EXERCISE DIRECTIONS
The line that contains "Ensemble de cactus" marks the start. Please set it down, with every later line of the data, exactly and without pictures.

INPUT DATA
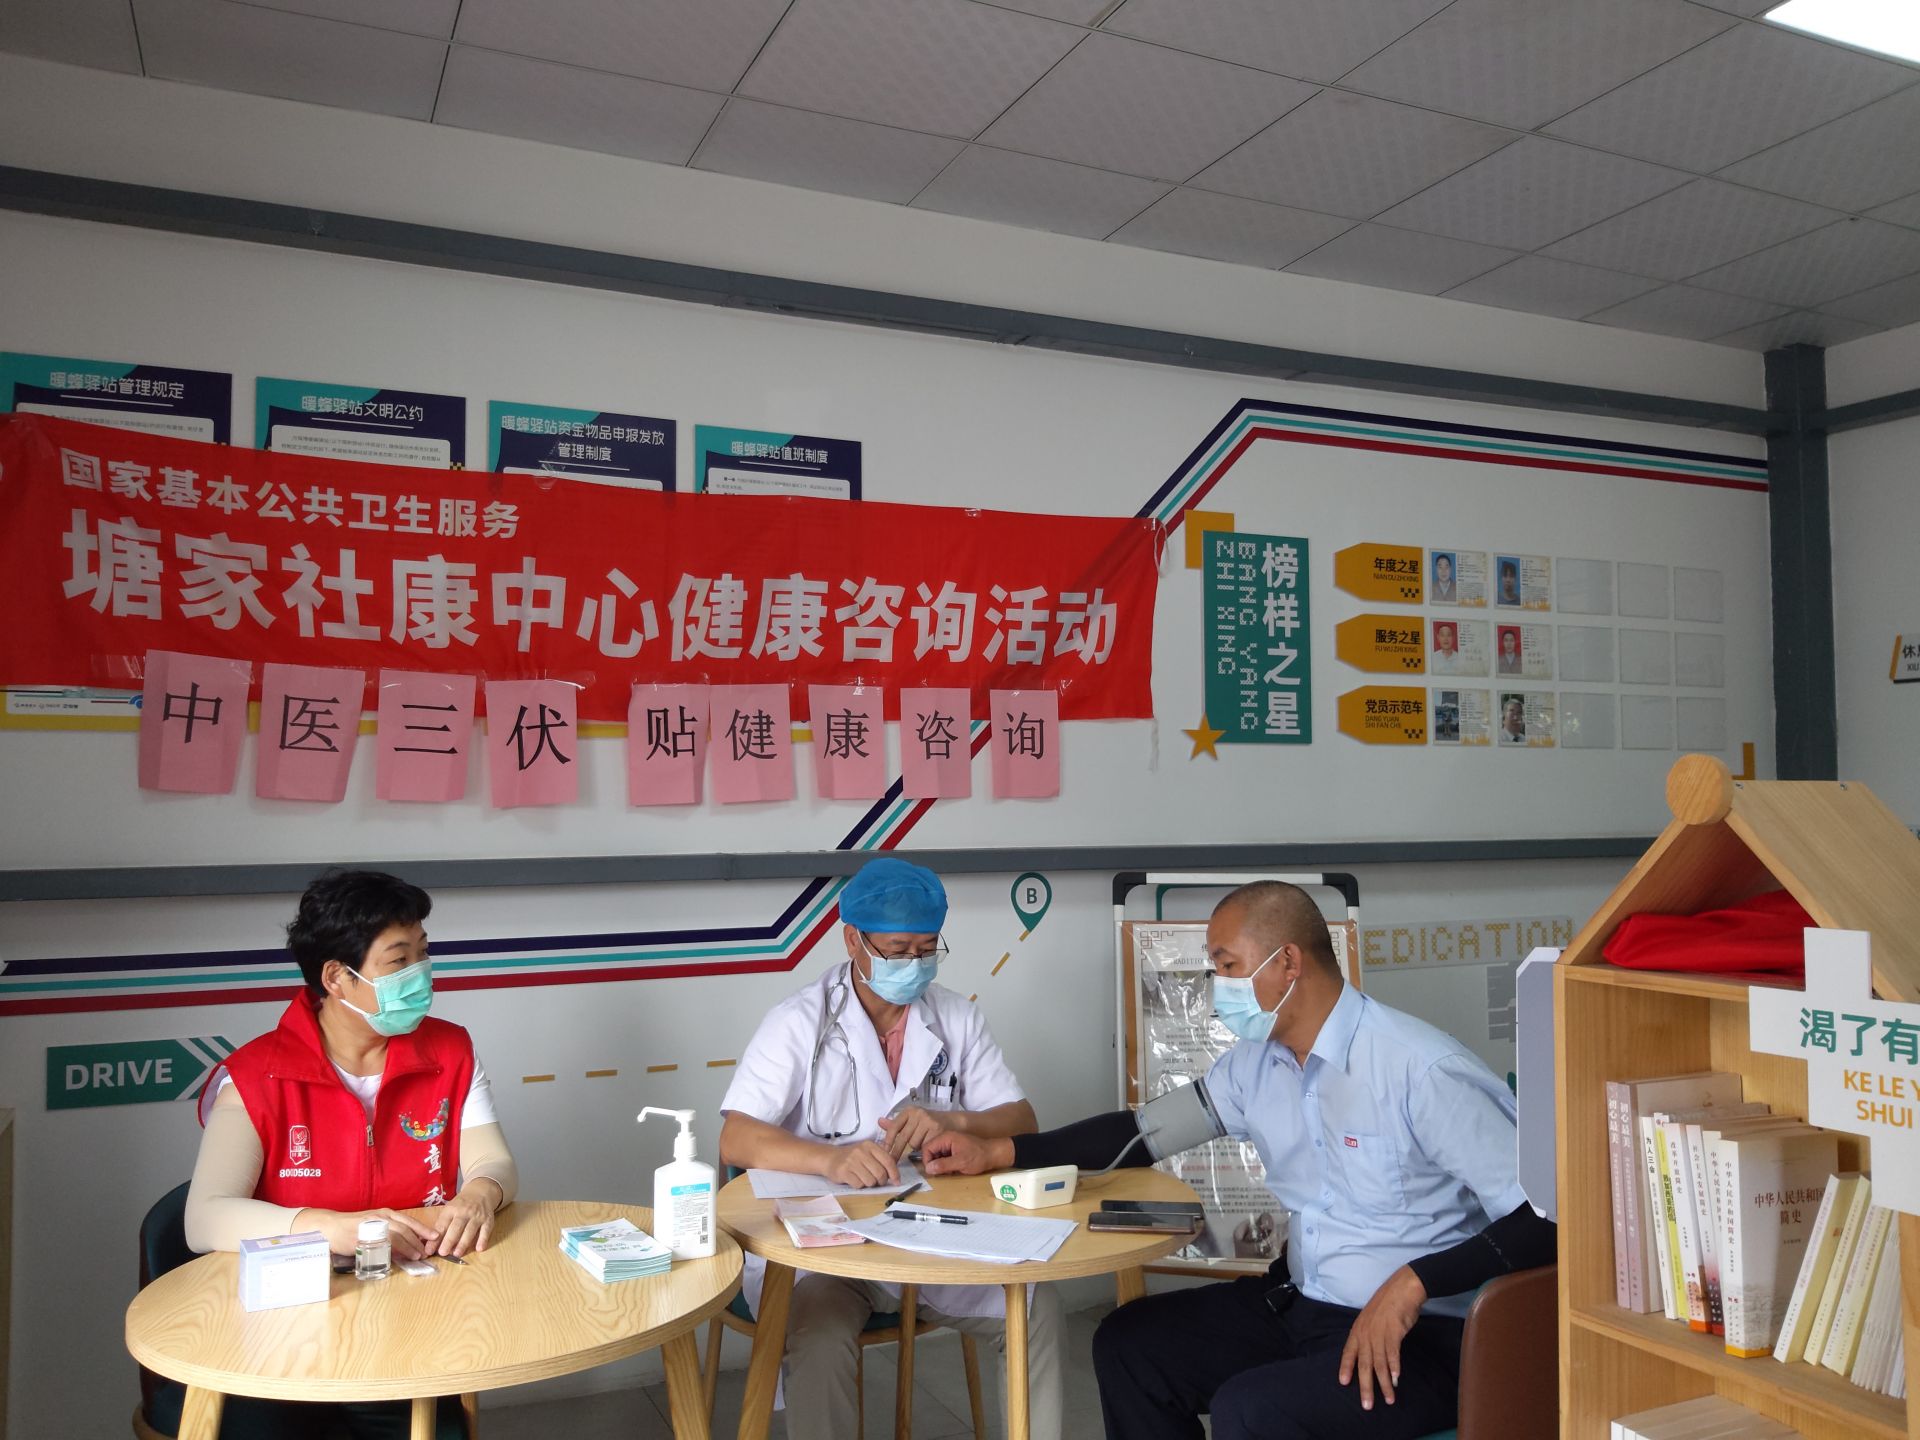 塘家社区“光明虹”党员健康服务队为新业态群体开展义诊服务  
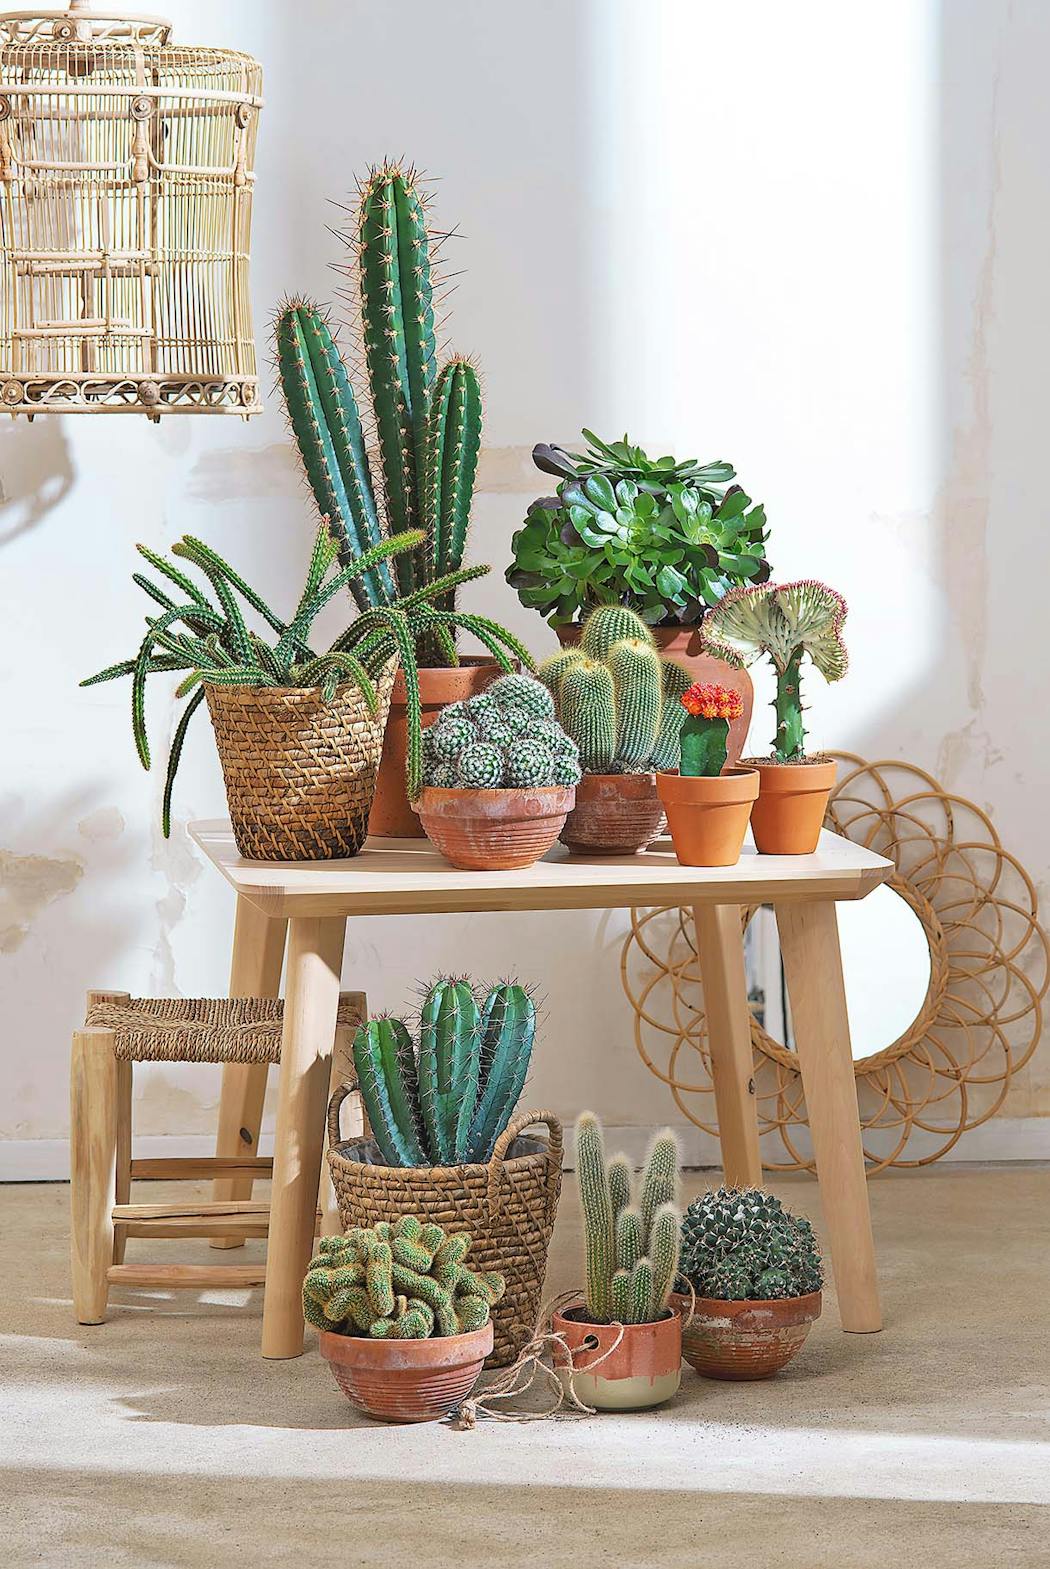 Ensemble de cactus en intérieur avec pots en terre cuite
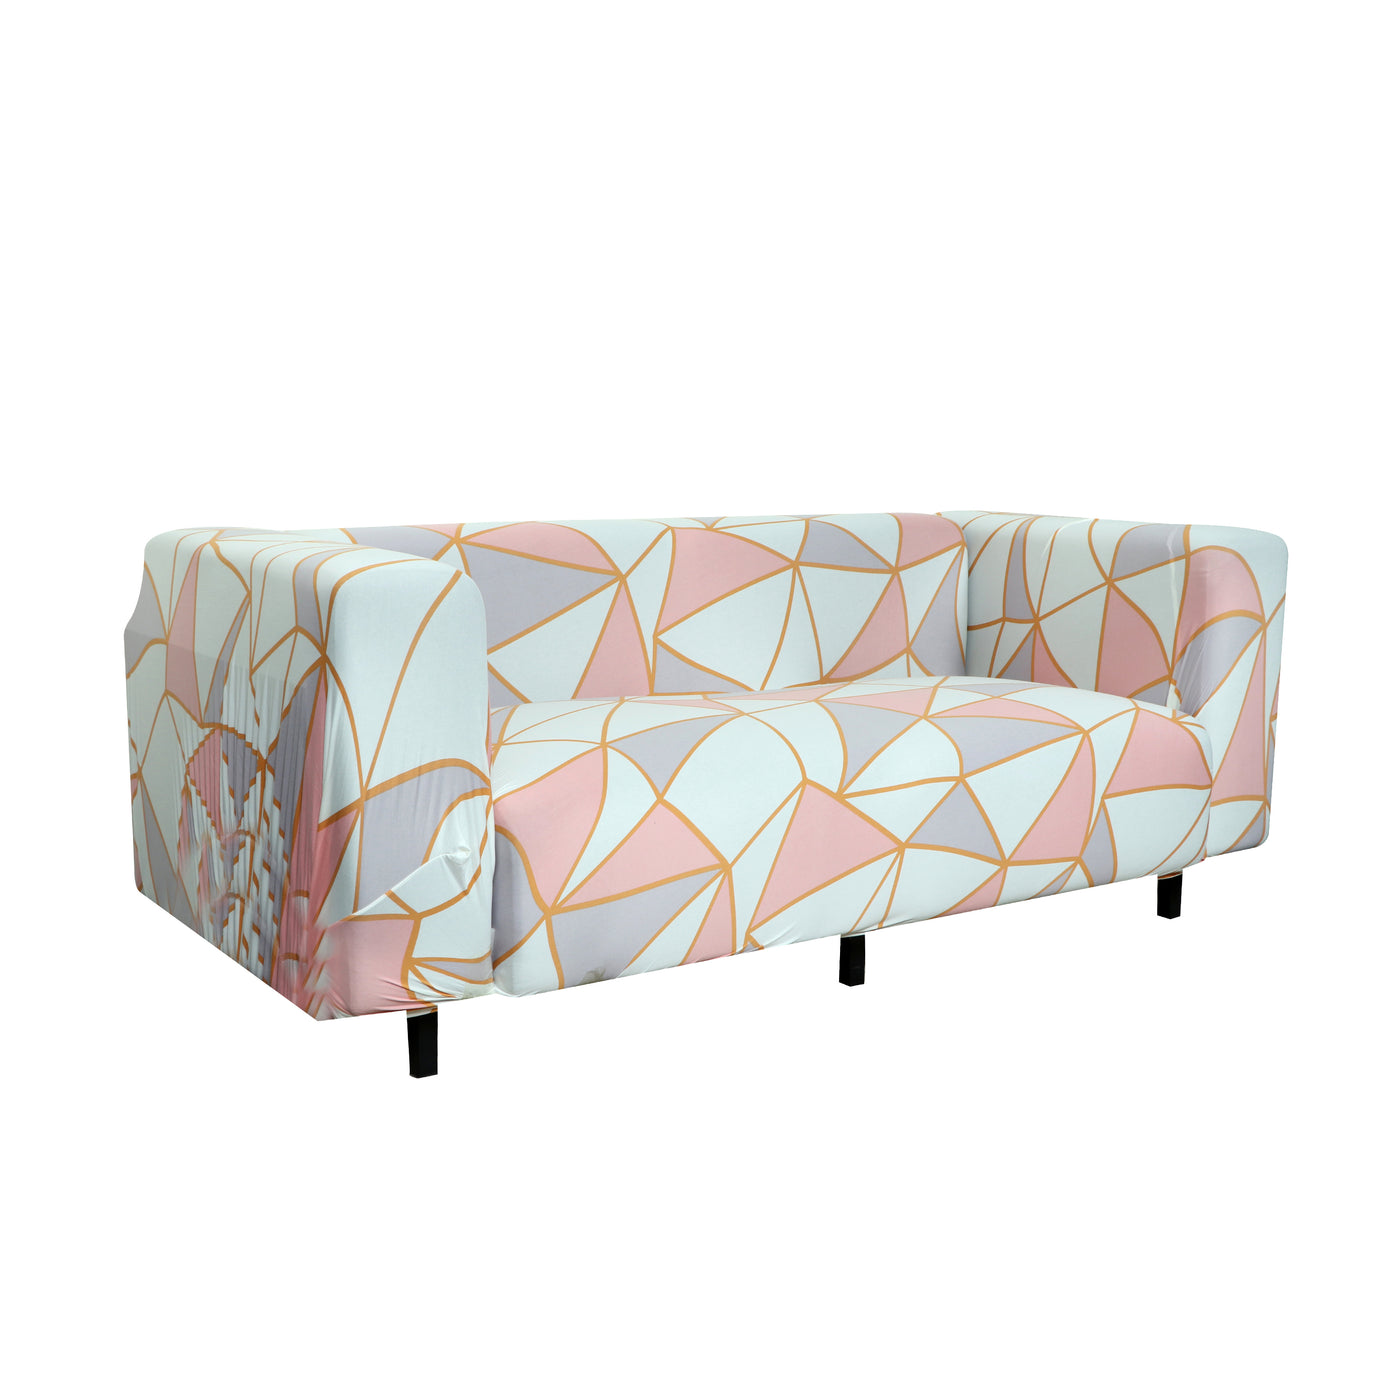 Printed Sofa Cover - Pink Prism

REPLY TO THE EXERCISE
 Ensemble de cactus en intérieur avec pots en terre cuite
 Printed Sofa Cover - Pink Prism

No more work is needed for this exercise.